The temperatures spanned a wider range in the group with diabetes than in the healthy control group, with a range of 18.1-35.6 °C in the group with diabetes and of 21.1-35.7 °C in the control group. The mean temperatures were significantly higher in the group with diabetes than in the control group (P<.001). Considering both feet as 1 bloc, the mean temperatures were 28.9 °C (SD 2.8 °C) among controls, and 29.0 °C (SD 3.0 °C; P<.001) in the group with diabetes.

Side-to-side comparisons of temperatures revealed significant differences between feet (P<.05) at all measurement sites (Table 2). Analysis of both feet revealed significantly greater differences between feet in the group with diabetes compared with controls (control: mean 0.47 °C, SD 0.43 °C vs group with diabetes: mean 1.78 °C, SD 1.58 °C; P<.001; 95% CI 0.99-1.63). These results identified clinically relevant abnormalities in 10% of the cohort with diabetes, whereas no such findings were observed in the control group.

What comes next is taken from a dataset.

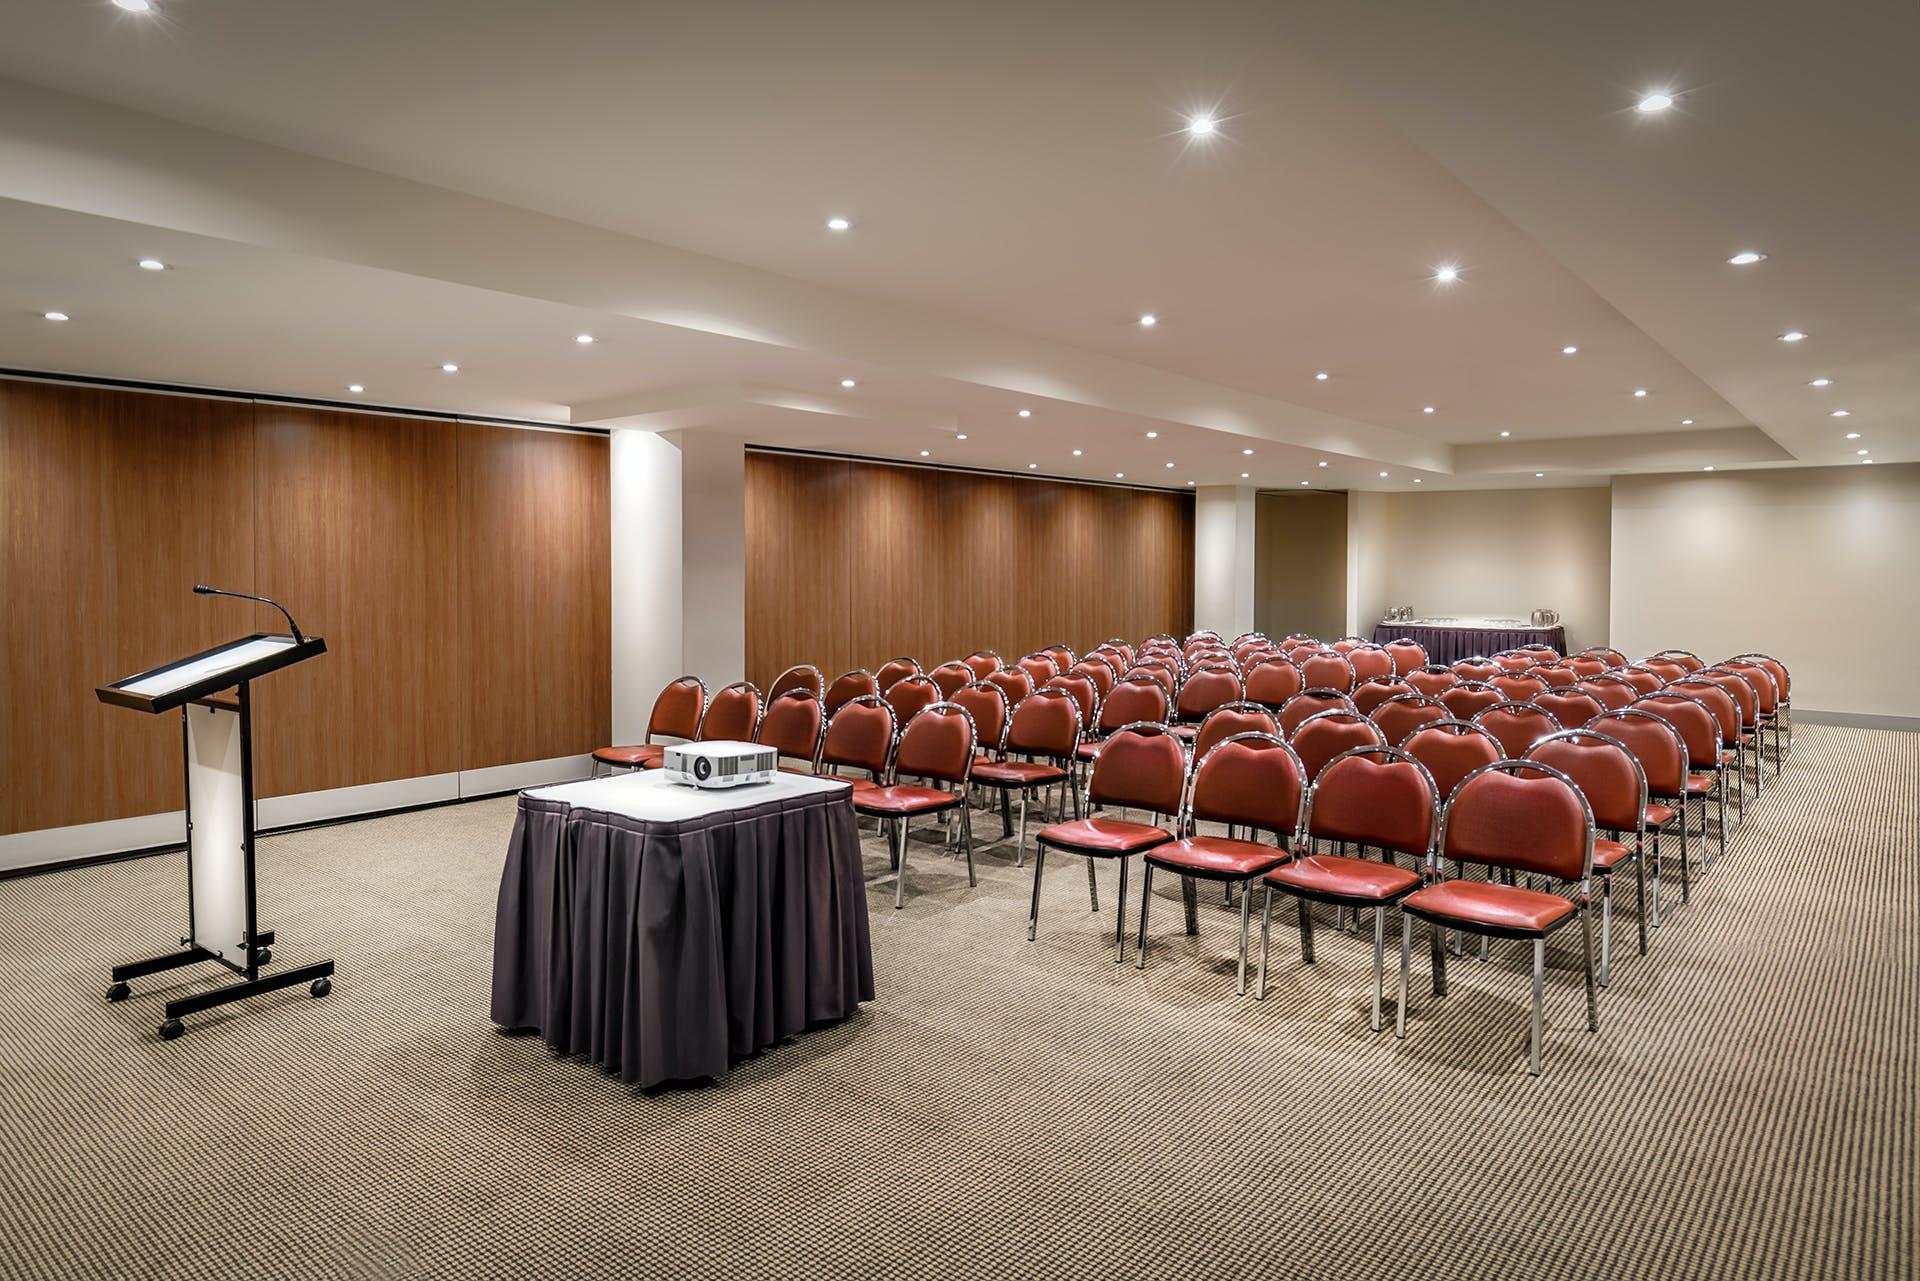 Robert Burke Room, meeting room at Batman's Hill on Collins, image 1

Table 2. Absolute values of the between-foot temperature differences in healthy control participants and participants with diabetes.
RegionTotal (N=196)Healthy group (n=98)Diabetic group (n=98)P value95% CI
Lateral calcaneal artery, mean (SD)1.182 (1.37)0.496 (0.44)1.87 (1.62)<.051.04-1.71
Medial calcaneal artery, mean (SD)1.197 (1.29)0.57 (0.47)1.81 (1.53)<.050.92-1.56
Lateral plantar artery, mean (SD)1.169 (1.30)0.54 (0.49)1.79 (1.54)<.050.92-1.57
Medial plantar artery, mean (SD)1.128 (1.29)0.49 (0.45)1.76 (1.52)<.050.96-1.60
Entire plantar region, mean (SD)1.13 (1.33)0.47 (0.43)1.78 (1.58)<.0050.99-1.63

Regression Analysis of Thermographic Predictors

This analysis examines the relationship between the temperature delta (dependent variable) and the predictor variables (age, sex, BMI, diabetes duration, diabetes type, HbA1c, and physical activity, and whether the participant was healthy or diagnosed with diabetes). The results of the OLS regression analysis are summarized in Table 3.

The overall model was not statistically significant (F-statistic=1.010; P=.46), indicating that the predictors collectively explained only a small proportion of the variance in the temperature delta. The R2 (uncentered) value was 0.224, and the adjusted R2 (uncentered) was 0.002, suggesting a weak fit of the model to the data.

However, diabetes status remained a statistically significant predictor of temperature delta (β=5.544; P=.02; 95% CI of 1.064-10.024). This confirms that participants with diabetes had significantly greater foot temperature asymmetry than healthy participants, even after adjusting for potential confounders. Retinopathy also emerged as a statistically significant predictor (β=1.3676; P=.04; 95% CI of 0.075-2.660), indicating that participants with retinopathy exhibited greater temperature asymmetry than those with no retinopathy. This finding highlights a potential link between microvascular complications and thermal abnormalities, consistent with the established connection between diabetic retinopathy and peripheral microvascular dysfunction.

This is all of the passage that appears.